## Brief:
Pictures in the records below must be left out. Return exactly the lines from the line with "Mapa da Europa com ilustra??o de bandeiras" to the line with "English William IV", both included.

## Given records:
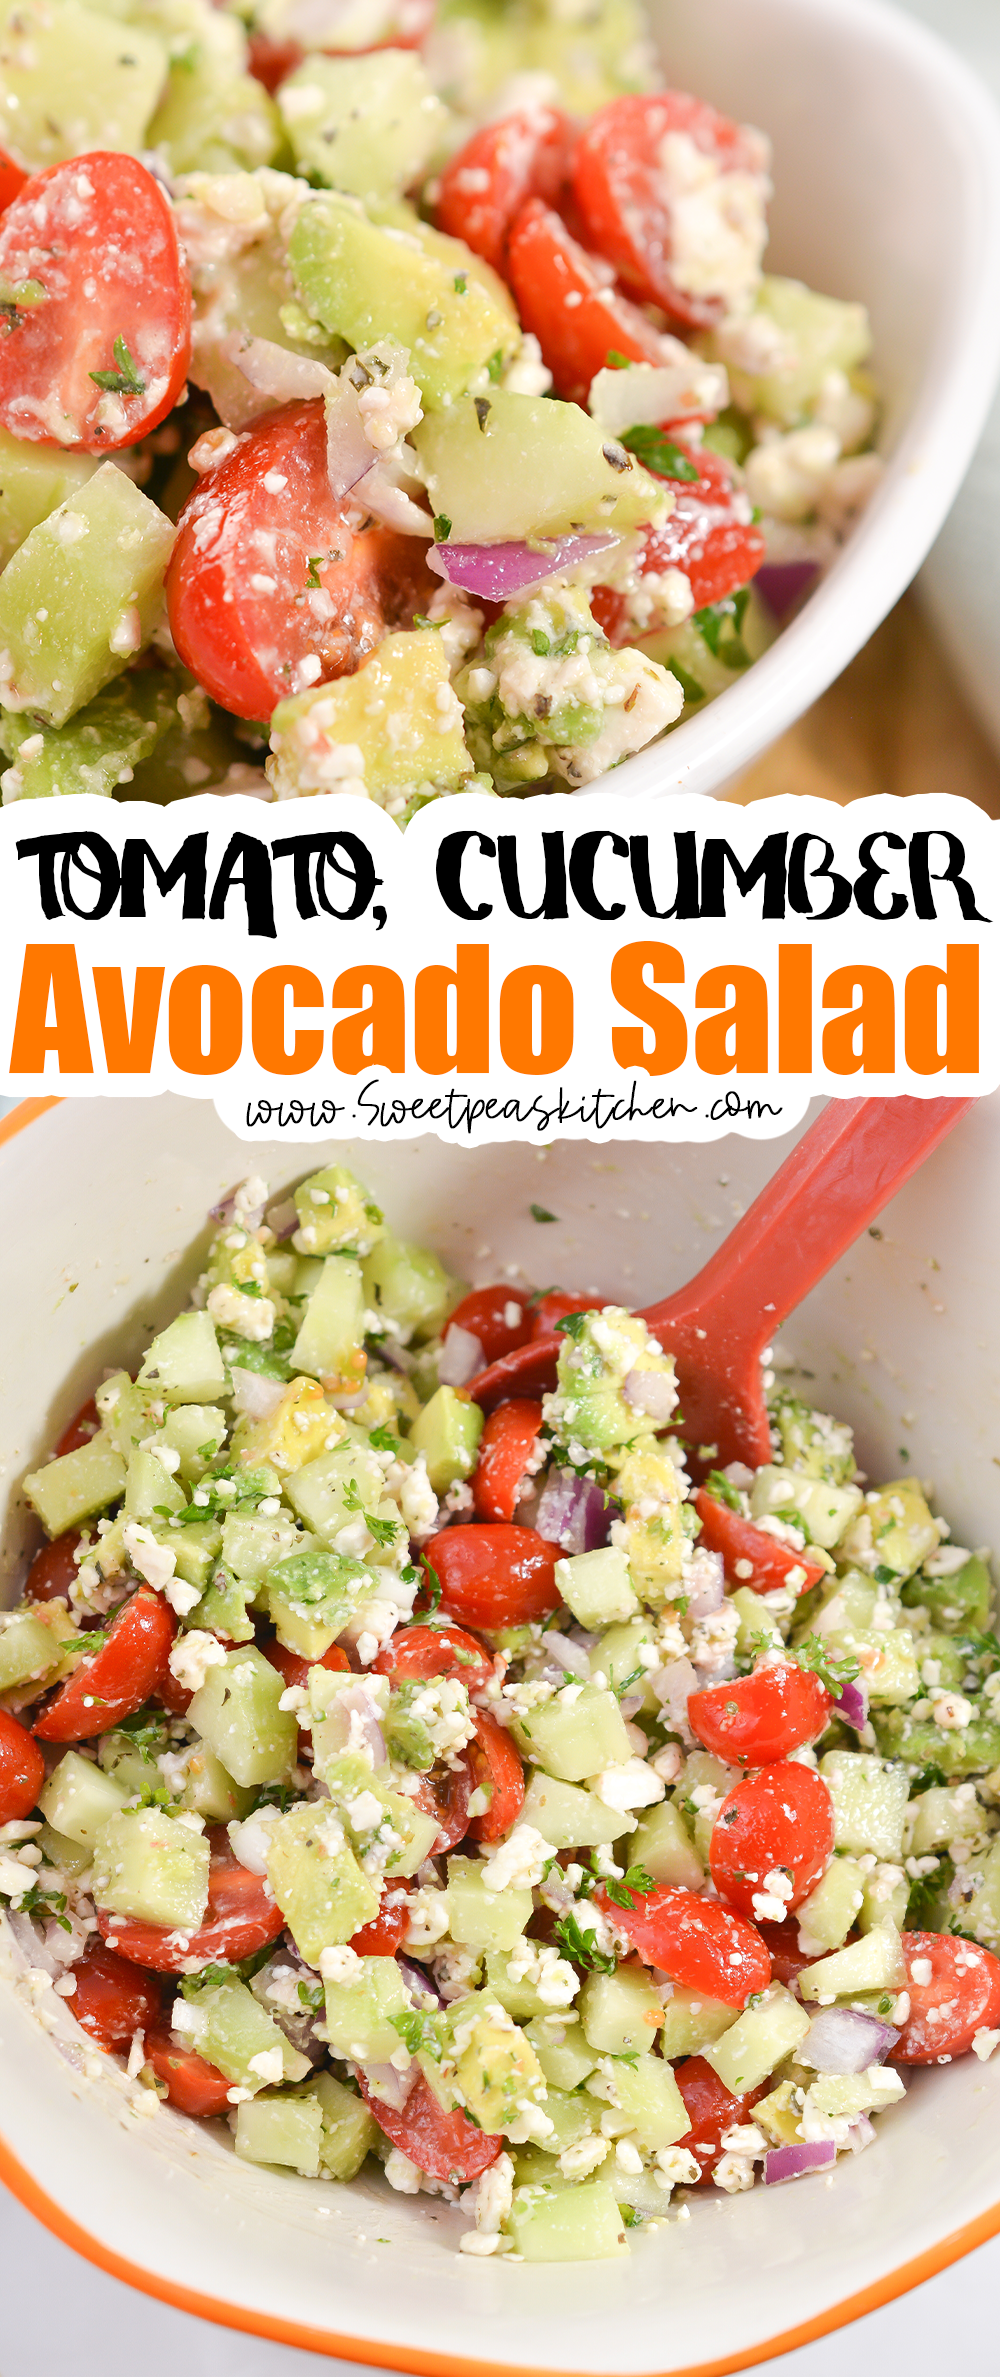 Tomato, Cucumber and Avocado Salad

---

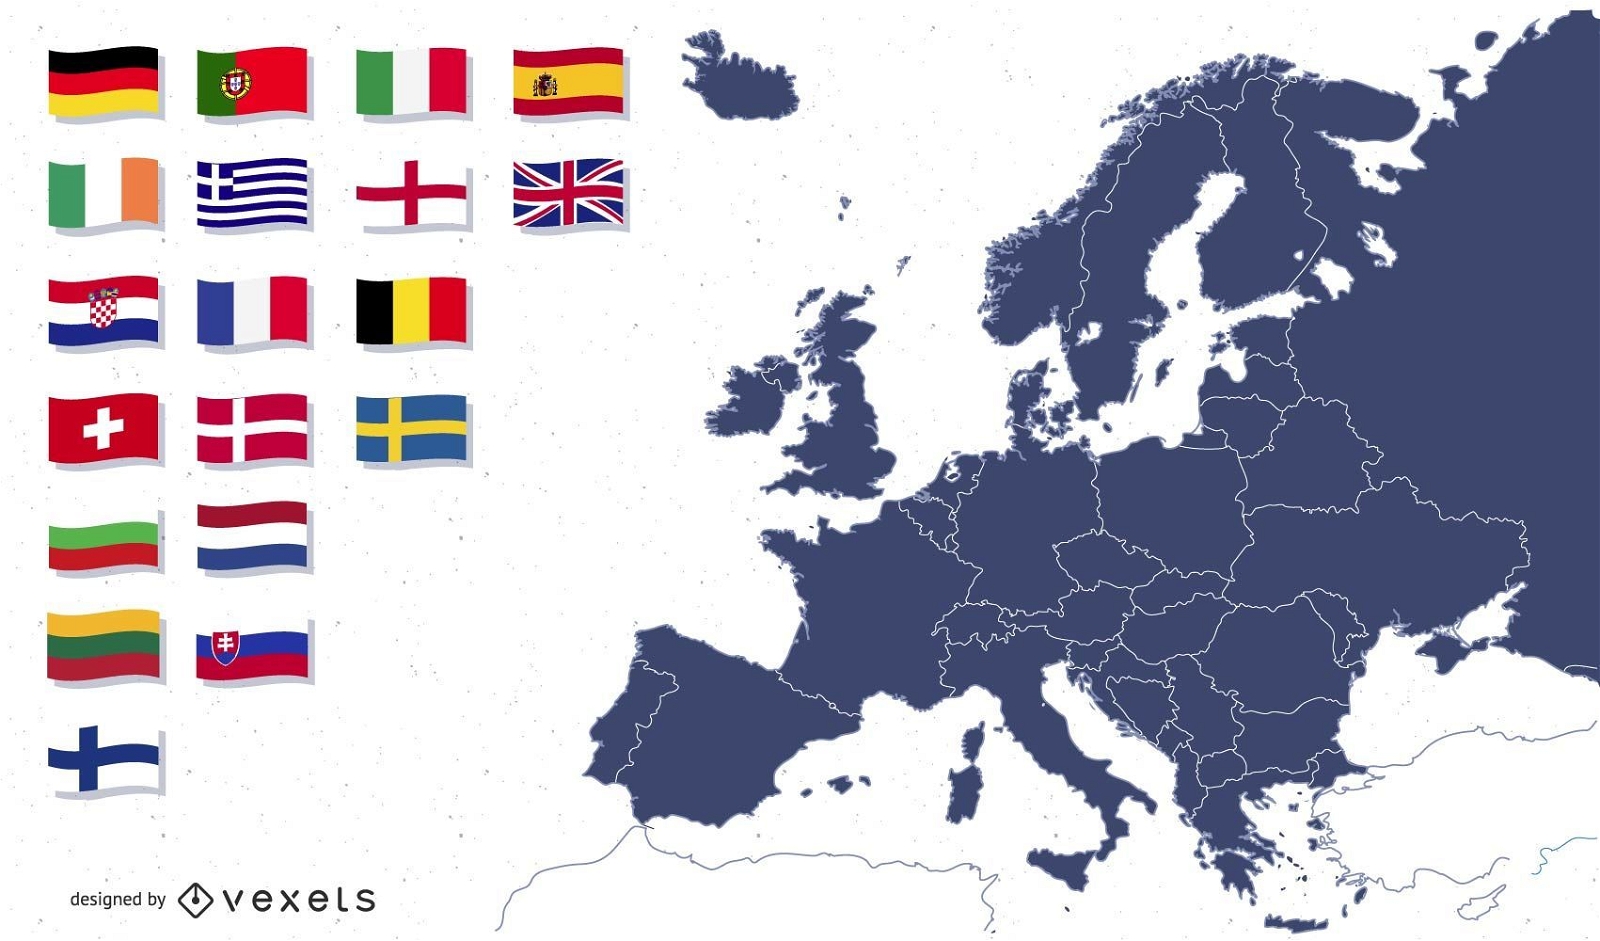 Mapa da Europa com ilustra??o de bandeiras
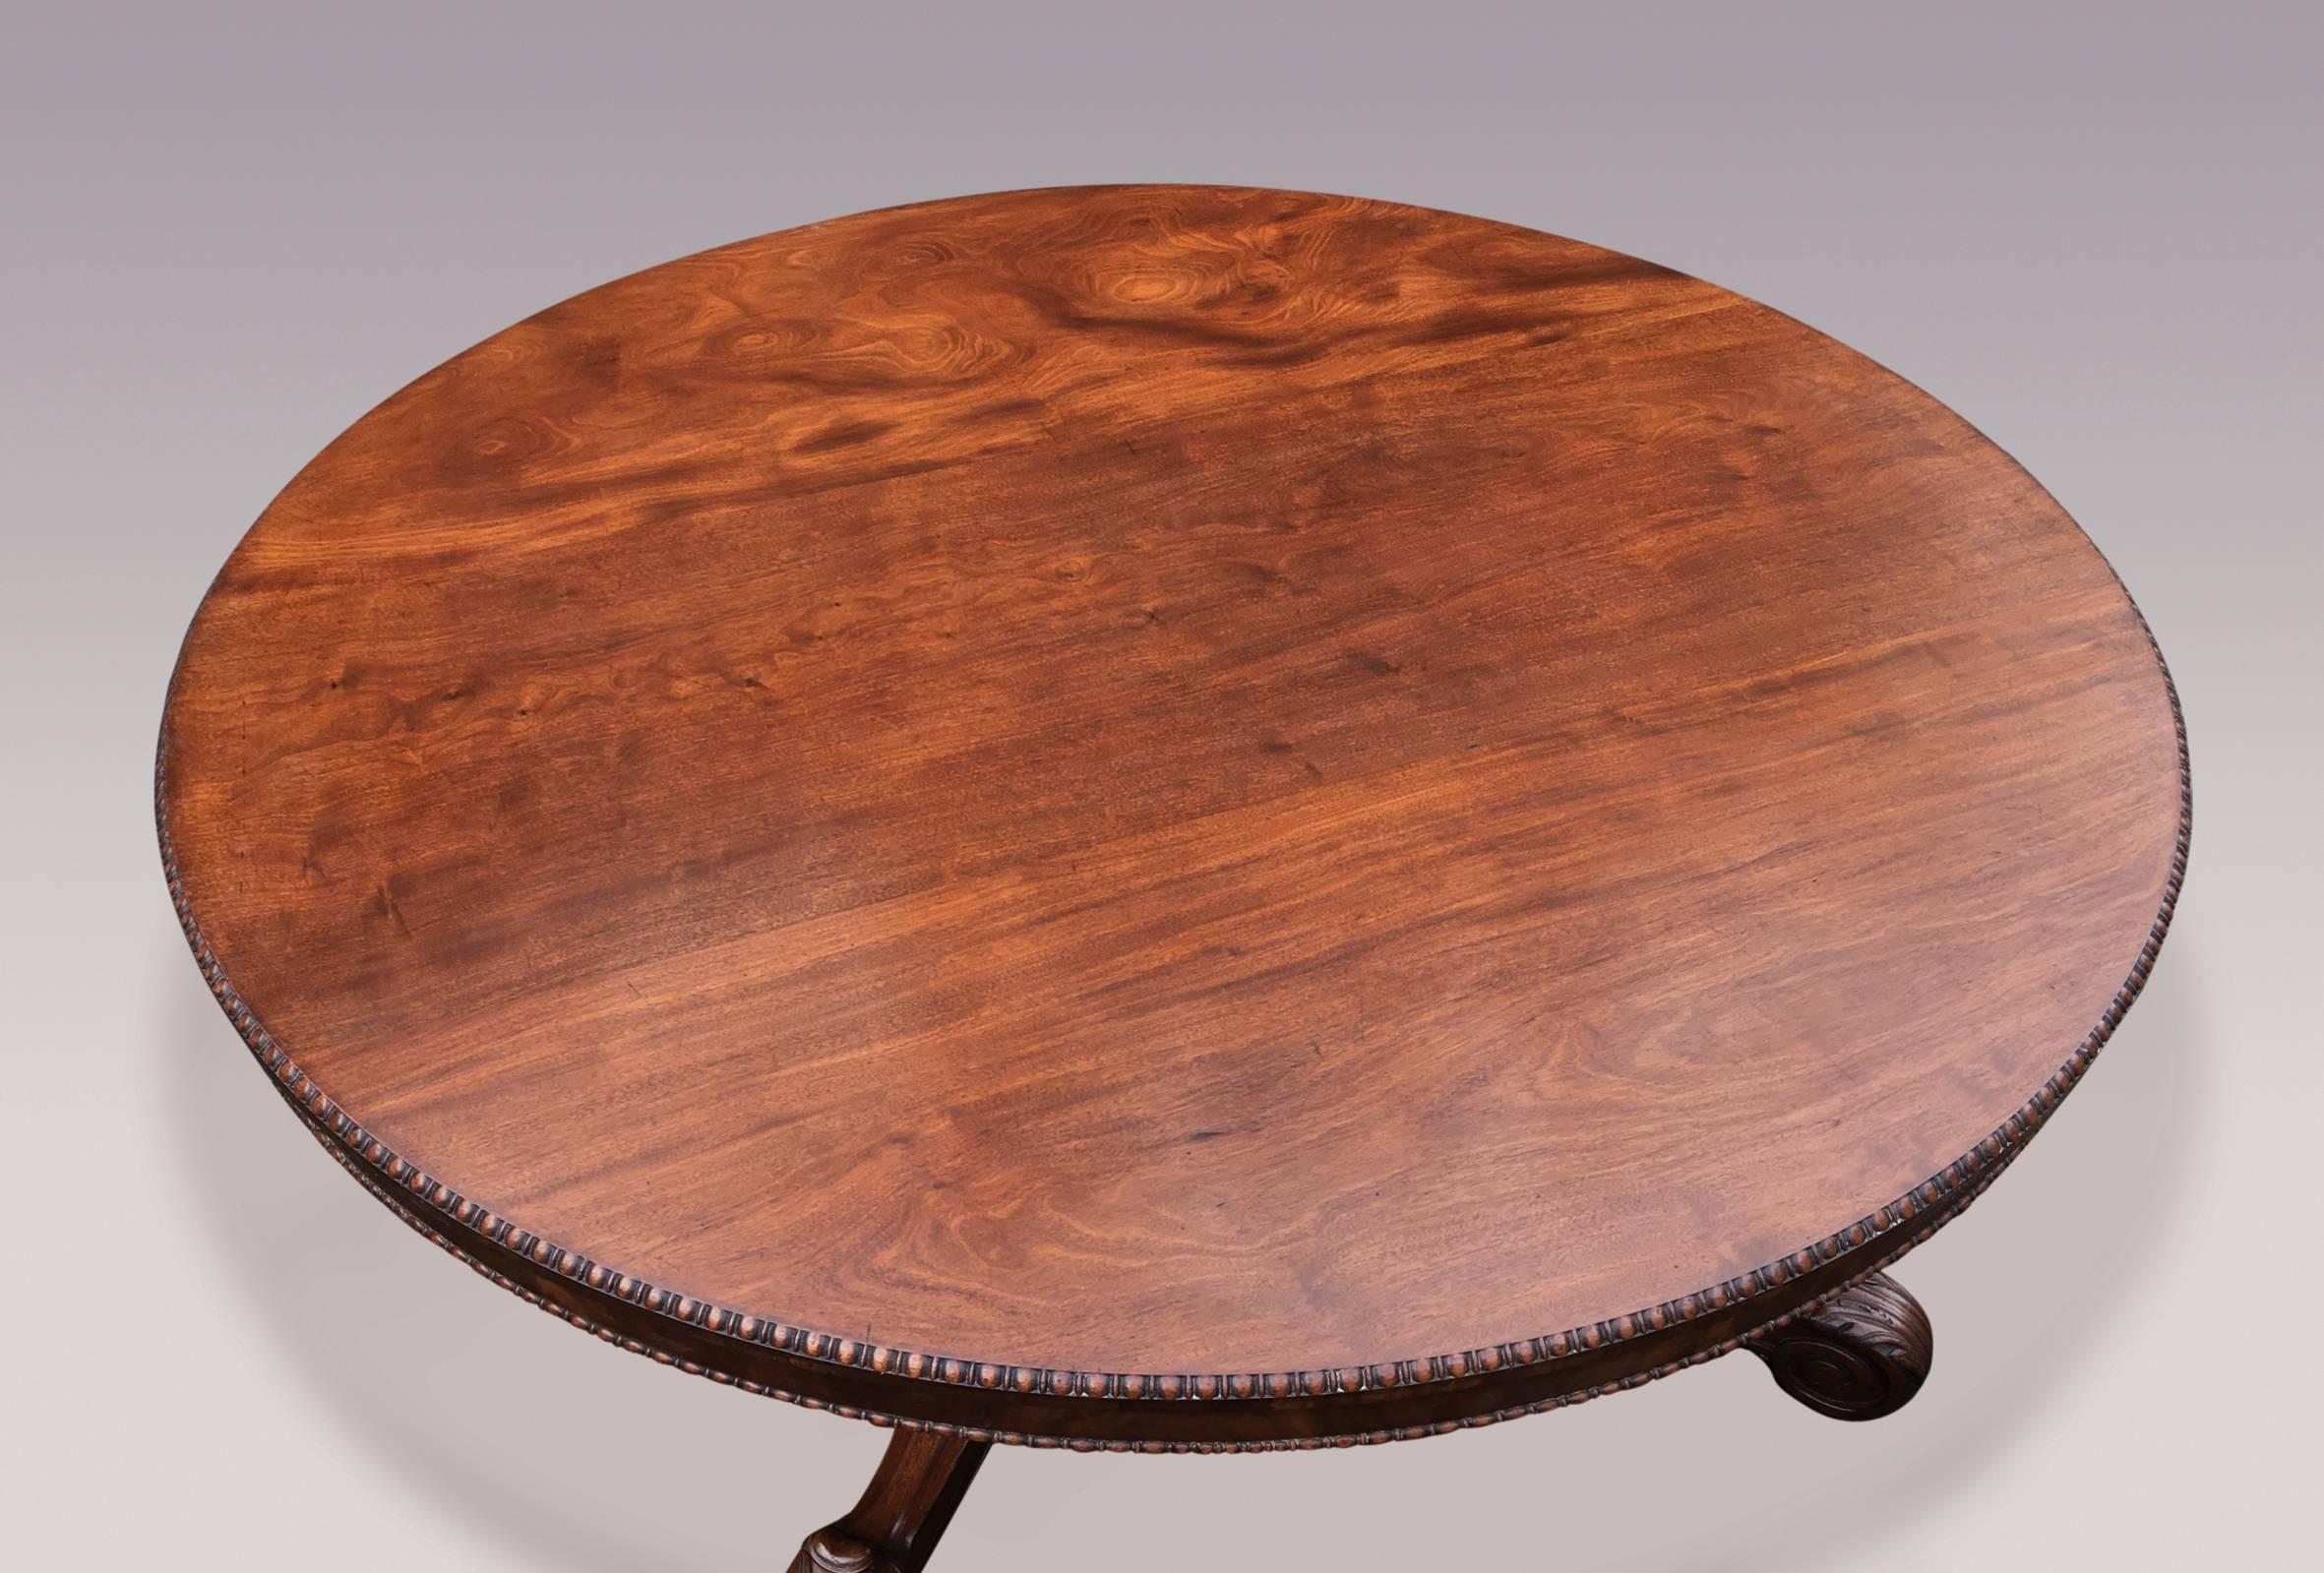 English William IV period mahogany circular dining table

## Solution to this exercise:
 Mapa da Europa com ilustra??o de bandeiras
 English William IV period mahogany circular dining table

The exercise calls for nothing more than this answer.